Hybrid teaching means having many students present in class and online – at the same time. There are few, if any, good reasons to continue with this practice post-pandemic, according to Professor Wilfried Admiraal.
Admiraal is currently a professor in Technology Enhanced Teaching and Learning at the Centre for the Study of Professions. His research interest combines the areas of teaching, technology and social psychology in secondary and higher education.
Striking research findings
In recently concluded research projects, Admiraal and his research partners, many of them Ph.D. candidates, have found the following:
- Low social and affective engagement of online students, even lower than in online education. Online students feel like they are bystanders.
- Limited interaction between students face-to-face and online.
- Limited interaction between teachers and students, also with students face-to-face. Teachers often opt for plenary instruction, because this is less intensive than interacting simultaneously with both online and face-to-face students.
- However, both teachers and students report that they are satisfied – mostly because they compare it to no education at all.
Studies show that students like online teaching, at least from a short-term perspective, because it gives them the flexibility to combine learning with other tasks and activities, Admiraal explains.

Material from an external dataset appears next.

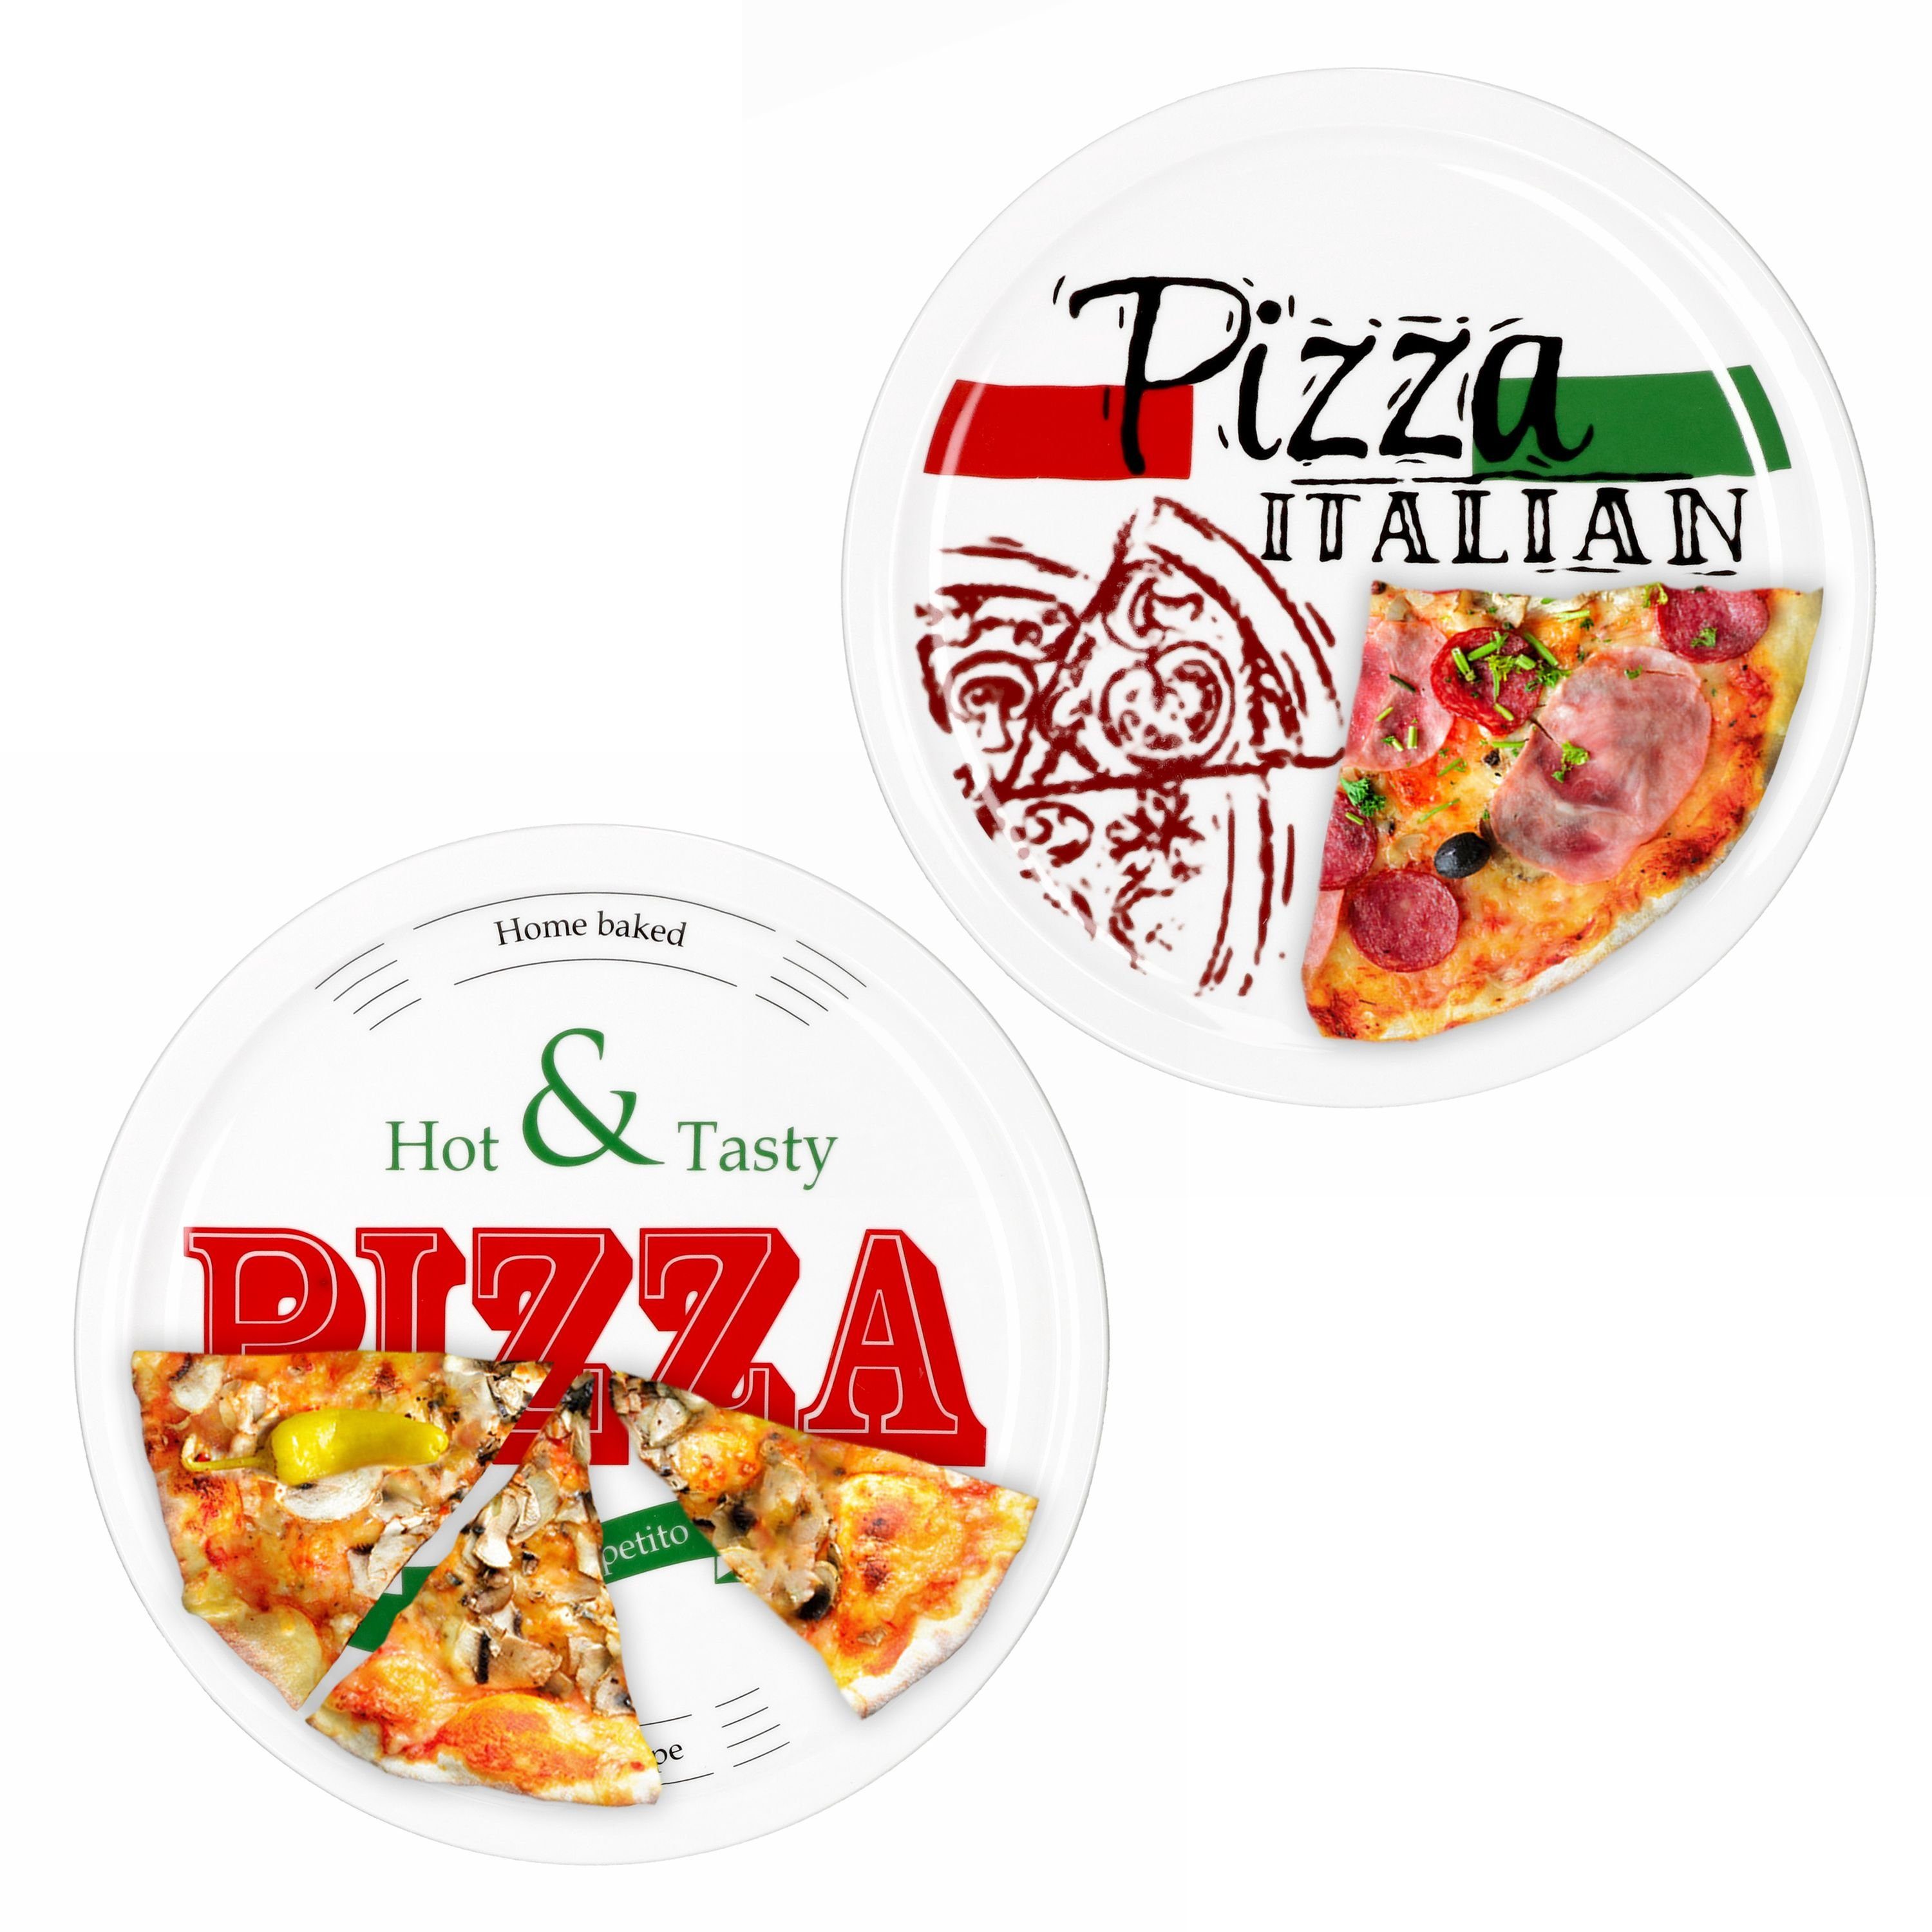 2er Pizzateller + Tasty Set 28cm Italian MamboCat Pizza Pizzateller Hot 1x & 1x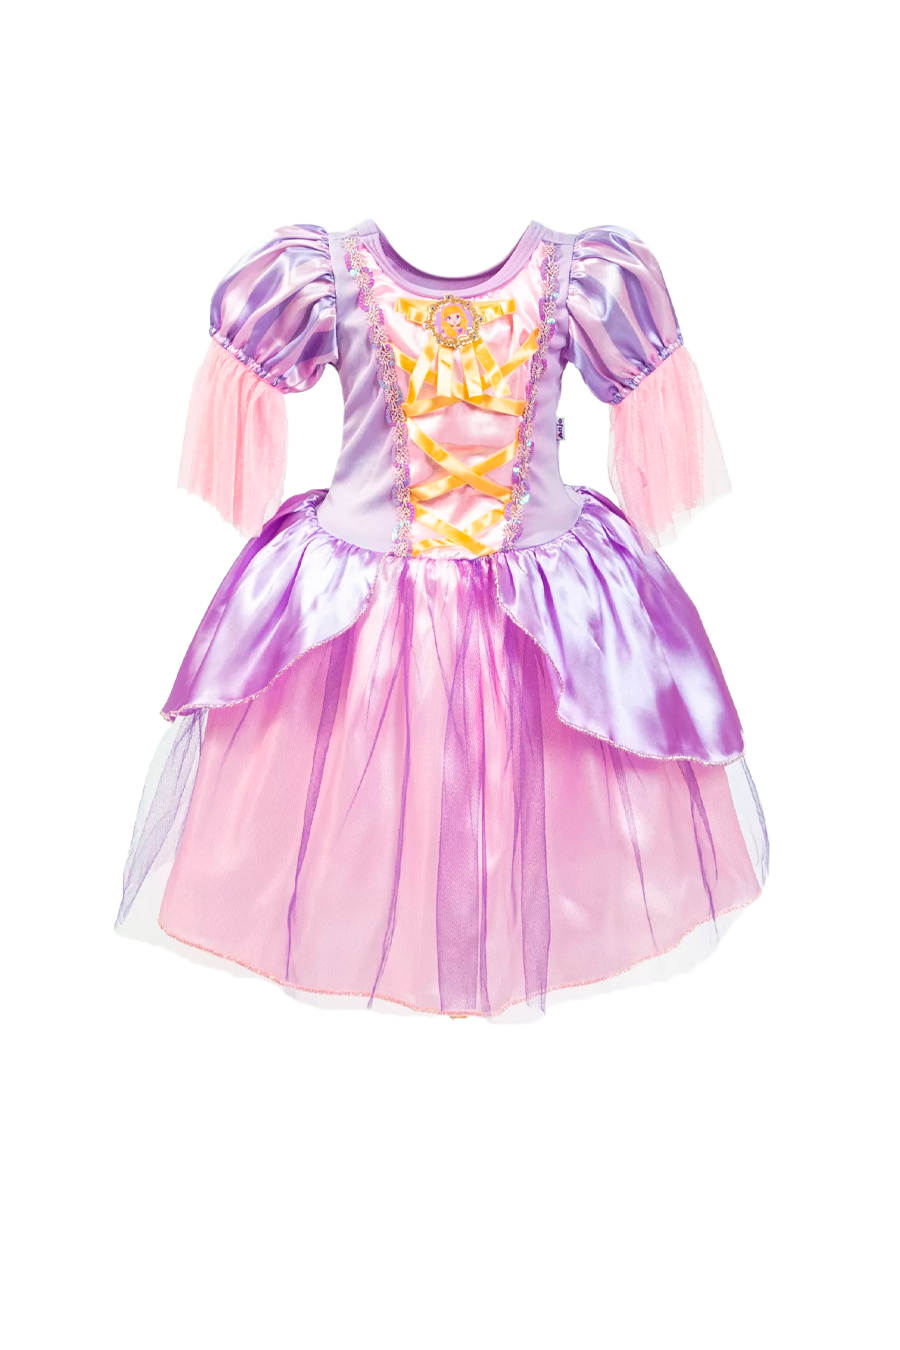 Vestido Fantasia Infantil Princesinha Sofia - Emfantasy

“Online students tended to say that they were happy with online education, even if they also stated that they felt like bystanders. However, in many cases, these online students attended face-to-face classes in addition to online ones, which compensates what they missed in their hybrid classes,” Admiraal says. “Students who only attended online in hybrid classes did show lower achievements at the end of the course, compared to their fellow students who also attended face-to-face teaching."
Virtual classrooms are cost-effective
“Administrators also like this form of teaching. It attracts international students, and lecturers, without demanding extra rooms or housing. This of course saves the institutions a lot of money,” Admiraal says.
During the pandemic, hybrid teaching had a clear advantage and made it possible to continue teaching in a difficult time.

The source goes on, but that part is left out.